*Your objective:* What you return should match the material below line for line, except that no image appears in it.

*Given information:*
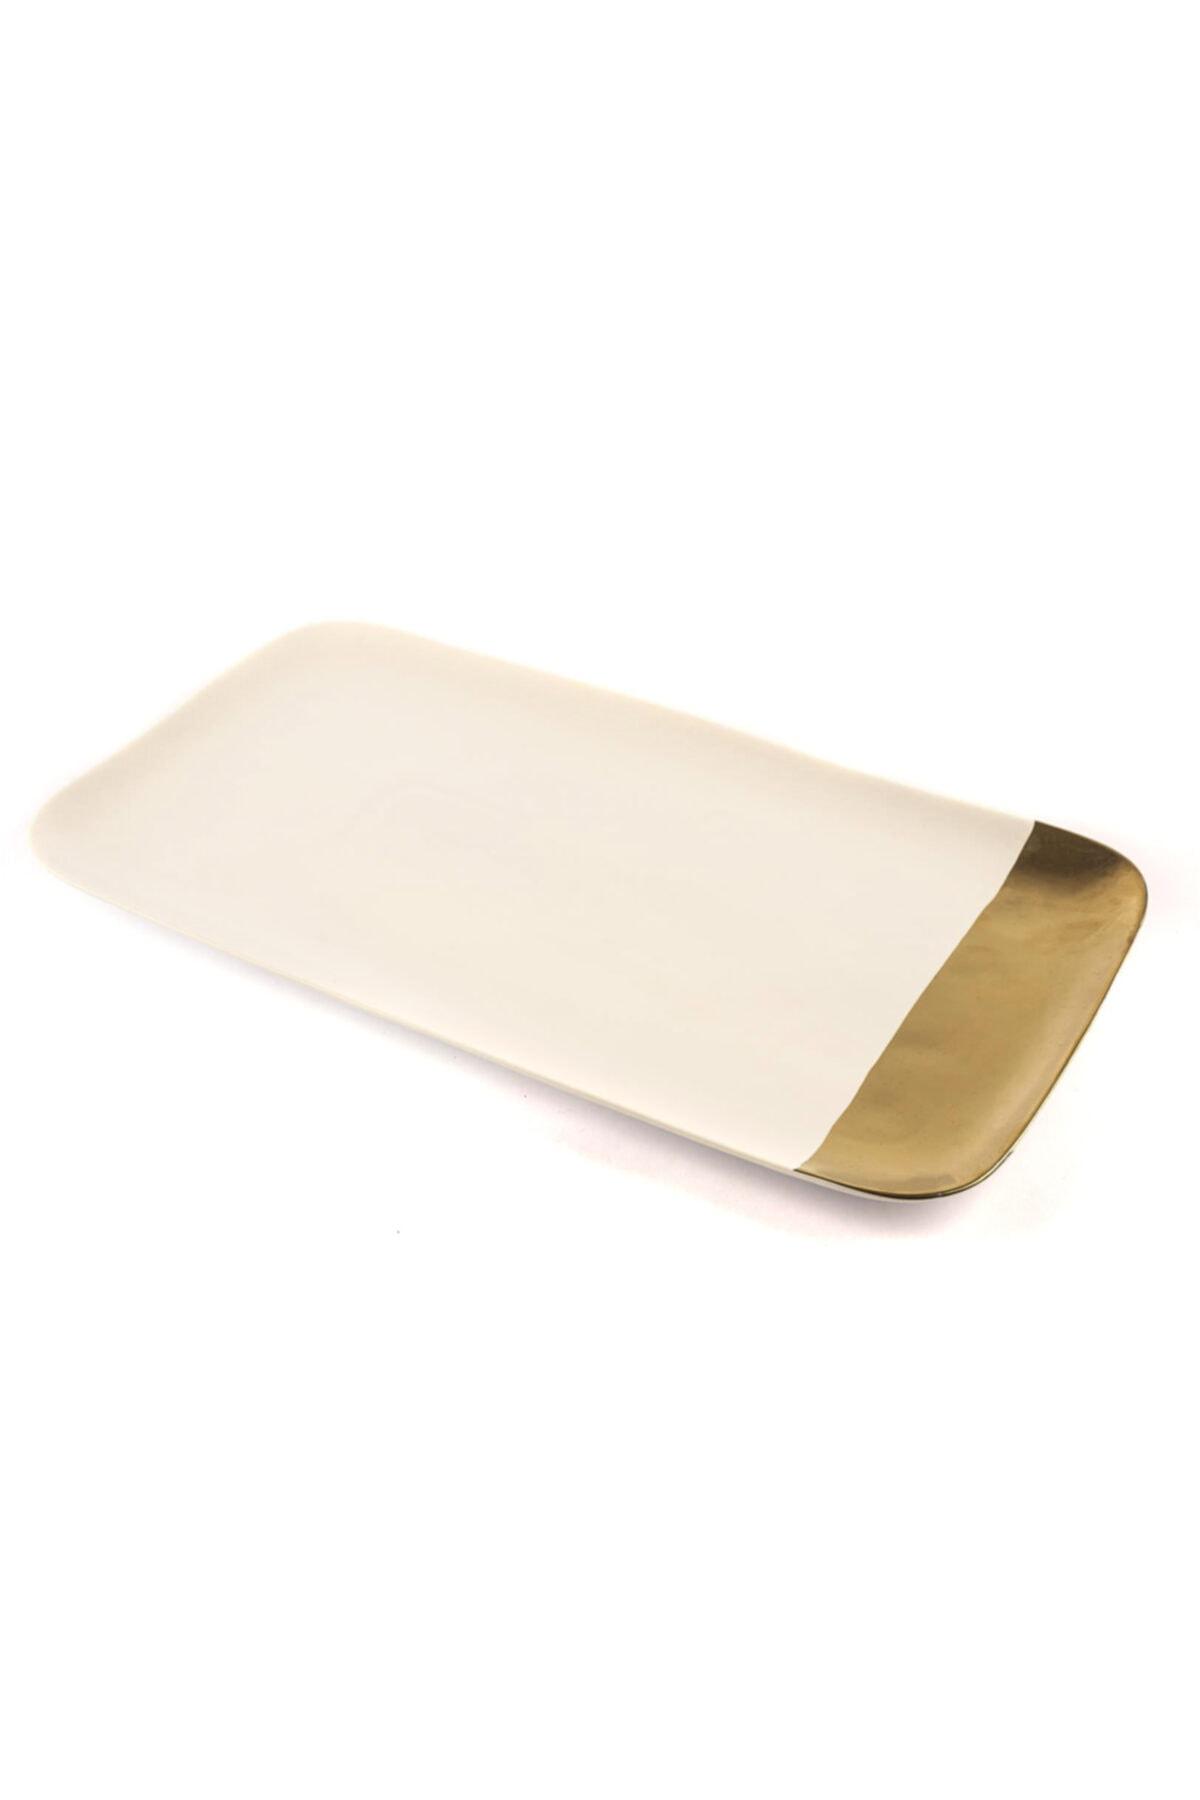 Mikasa Moor Porselen Beyaz Gold Dikdörtgen Servis 22x40 cm 1
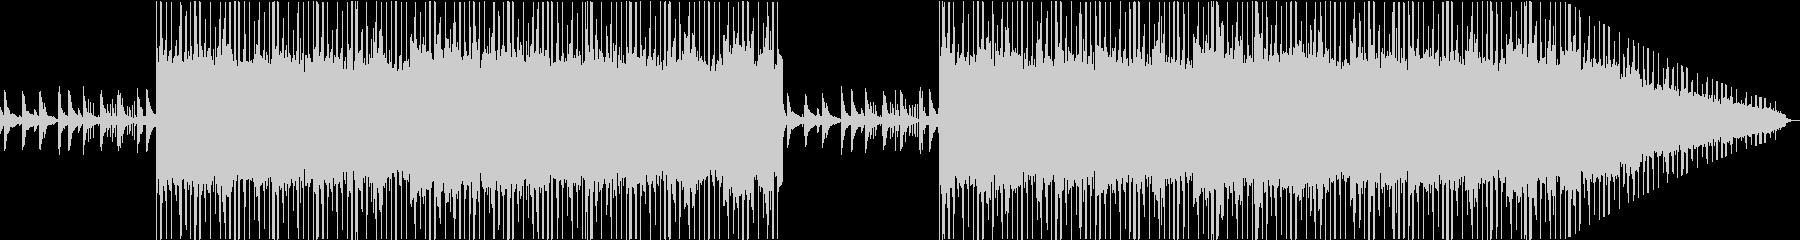 ピアノとシンセの不安で静かなLofiの未再生の波形
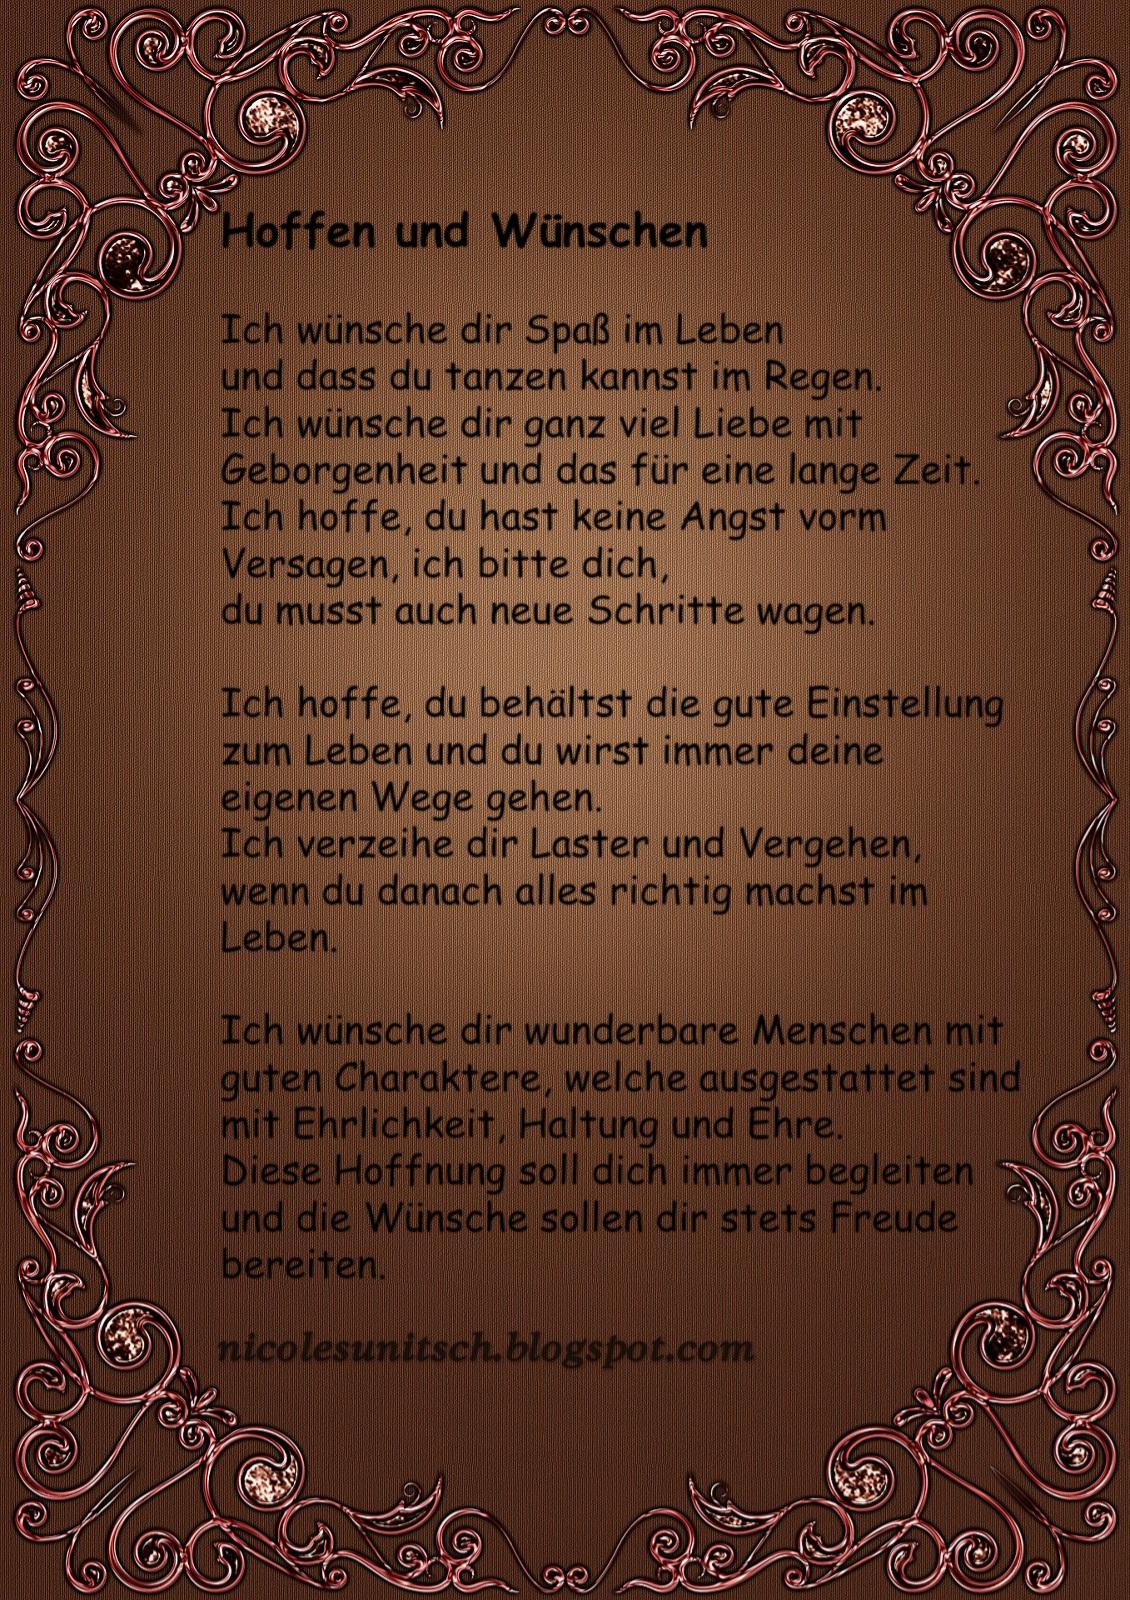 Gedichte Von Nicole Sunitsch Autorin Hoffen Und Wunschen

*Output of the exercise:*
 Mikasa Moor Porselen Beyaz Gold Dikdörtgen Servis 22x40 cm 1
 ピアノとシンセの不安で静かなLofiの未再生の波形
 Gedichte Von Nicole Sunitsch Autorin Hoffen Und Wunschen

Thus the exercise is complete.